You are viewing a plain text version of this content. The canonical link for it is here.
Posted to user@accumulo.apache.org by Arvind Shyamsundar <ar...@microsoft.com> on 2020/04/03 16:54:35 UTC
RE: [EXTERNAL] Re: Accumulo on S3

hi Josh - I do have a recording of your talk from Nov 12, 2019. Let me separately work with Marc Parisi and yourself on an appropriate way to share broadly and then we can update this thread.

Thanks.

Arvind Shyamsundar

-----Original Message-----
From: Josh Elser <el...@apache.org> 
Sent: Friday, April 3, 2020 9:10 AM
To: user@accumulo.apache.org
Subject: [EXTERNAL] Re: Accumulo on S3

It sounds like you're running into the known S3 consistency issues. 
However, I don't know what exactly EMRFS is supposed to support all of the things that Accumulo requires. I would assume that EMRFS should be bridging the gap from S3 (a blobstore) to a consistent, distributed FileSystem that Accumulo provides. Their summary[1] indicates that consistent listings and read-after-write is solve which is a big problem. Not sure if you are supposed to also get atomic rename from it.

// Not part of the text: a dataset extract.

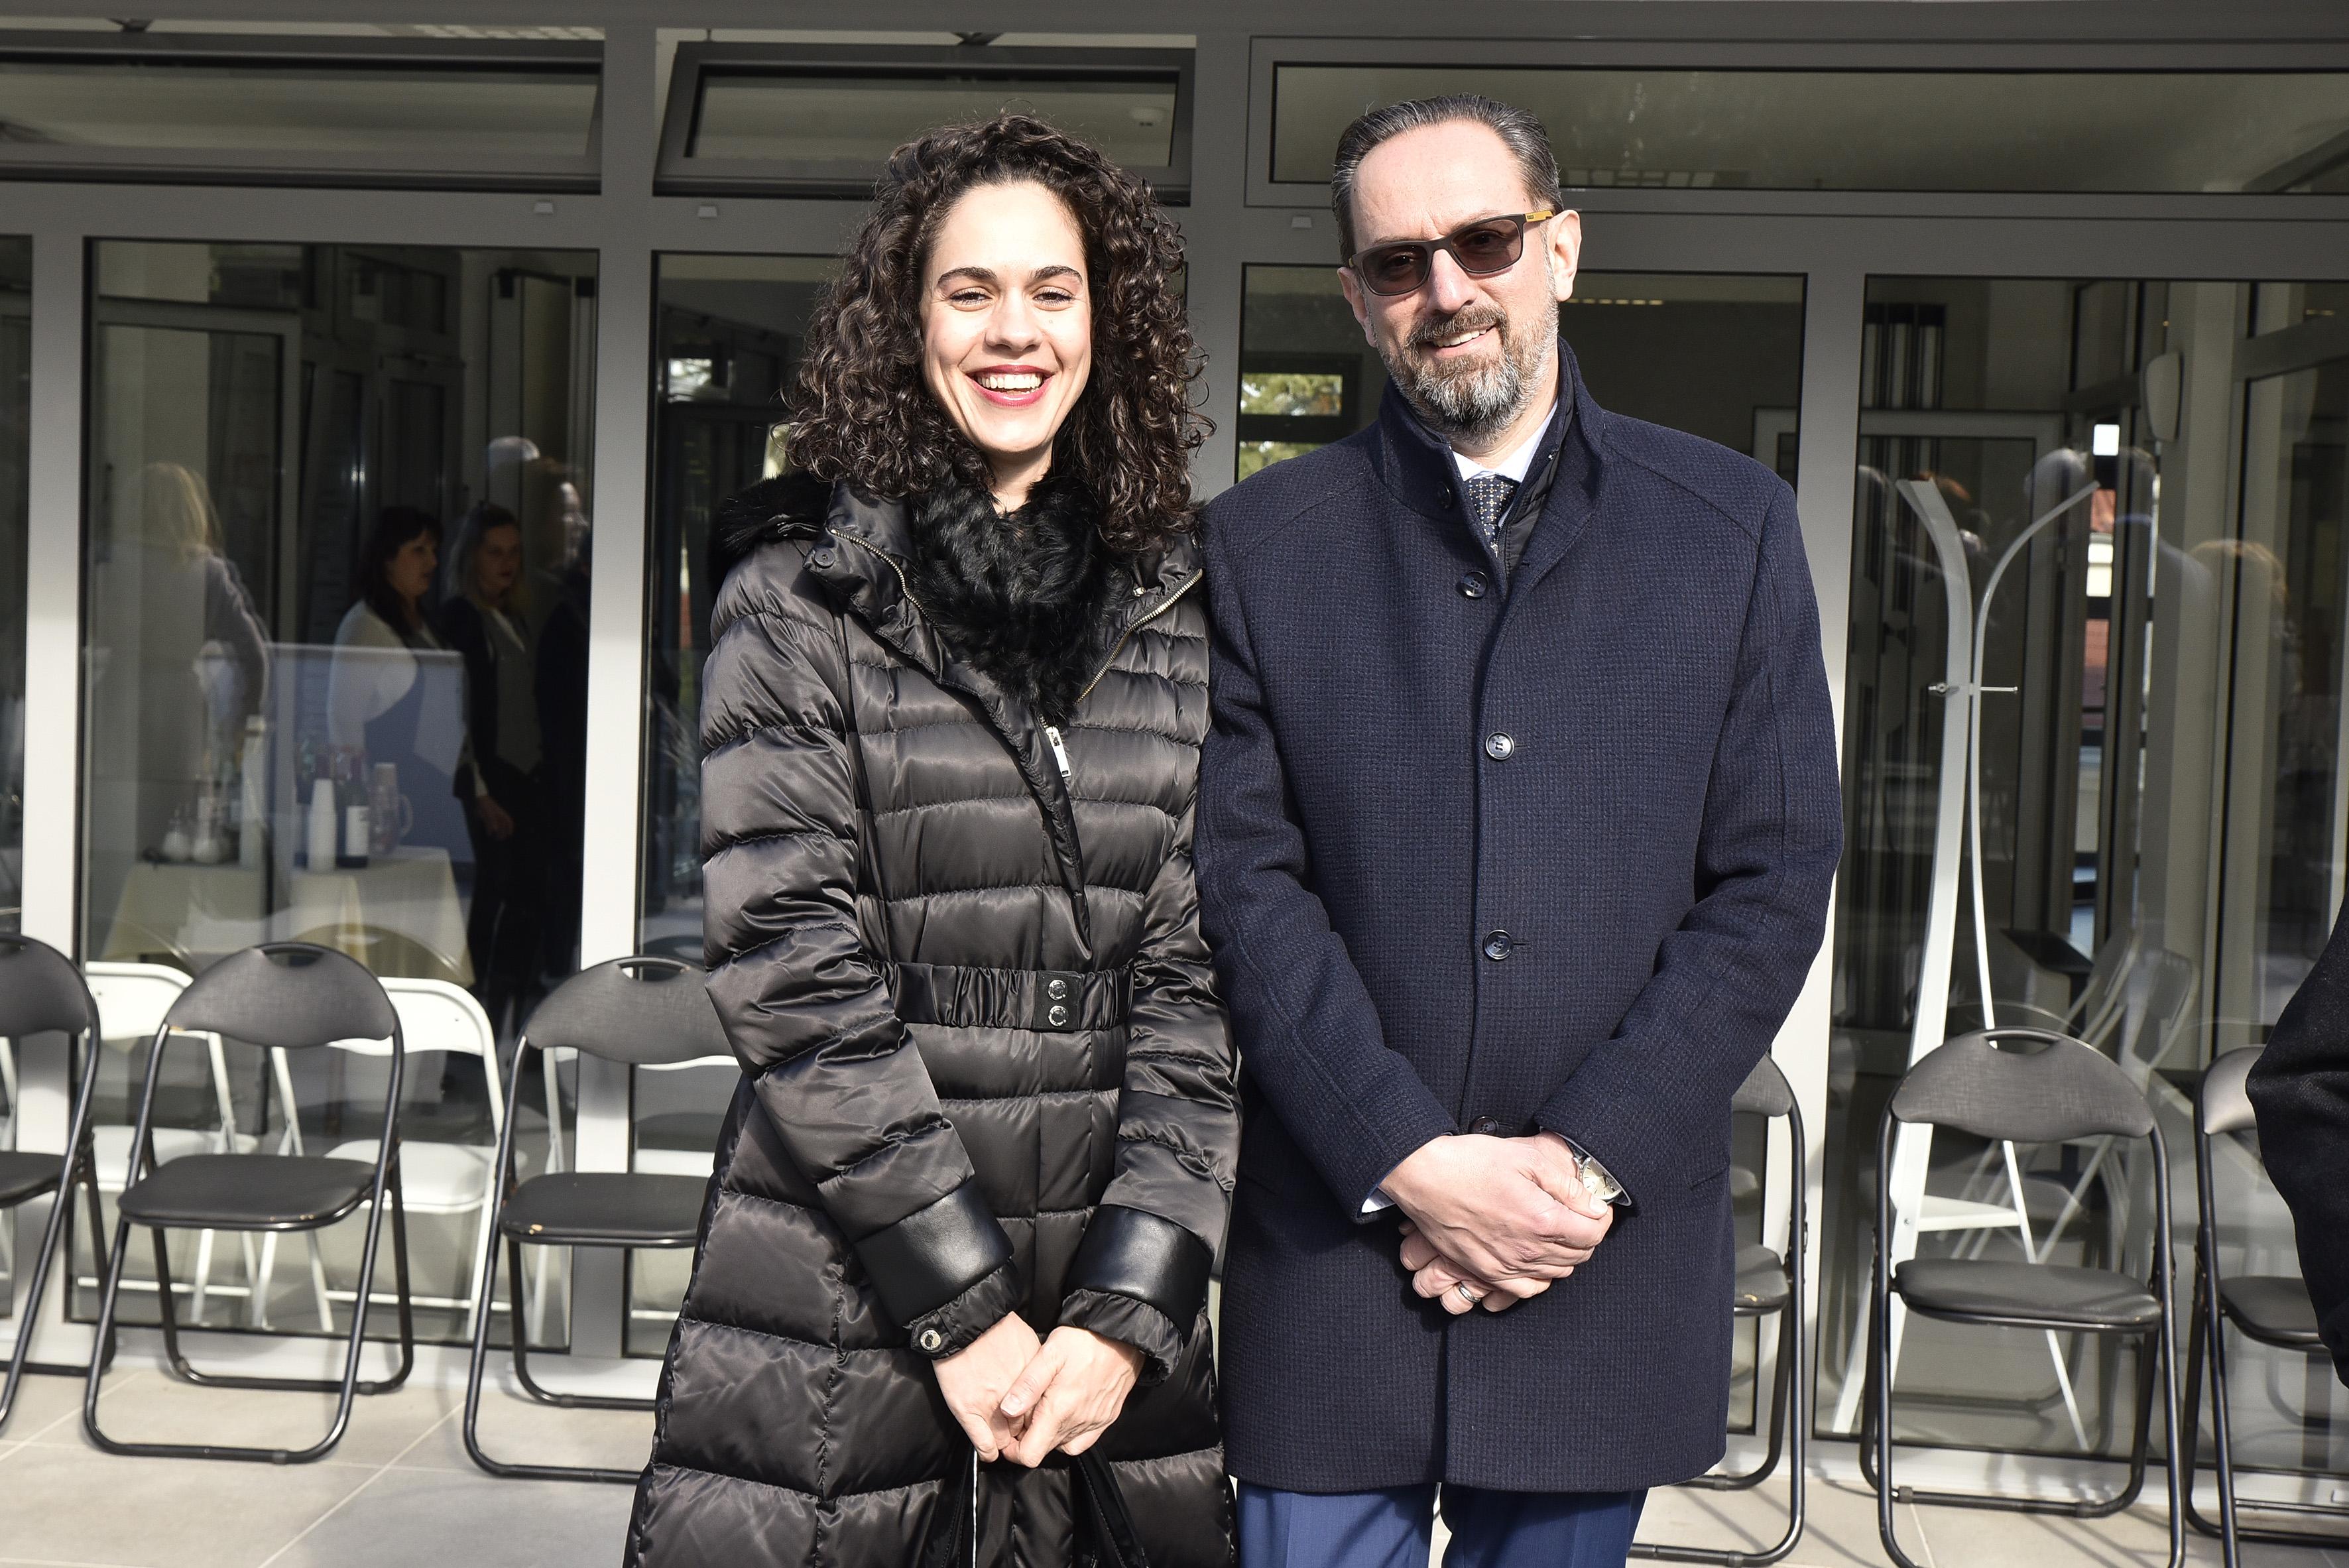 Ana Kučić i Kristijan Jurjako, snimio Walter SALKOVIĆ

This presentation[2] should be a good primer I put together earlier this year on cloud storage for BigTables which may help you understand what's going on. I gave it at a meetup here in MD a couple of months back, but I don't think we were recording it.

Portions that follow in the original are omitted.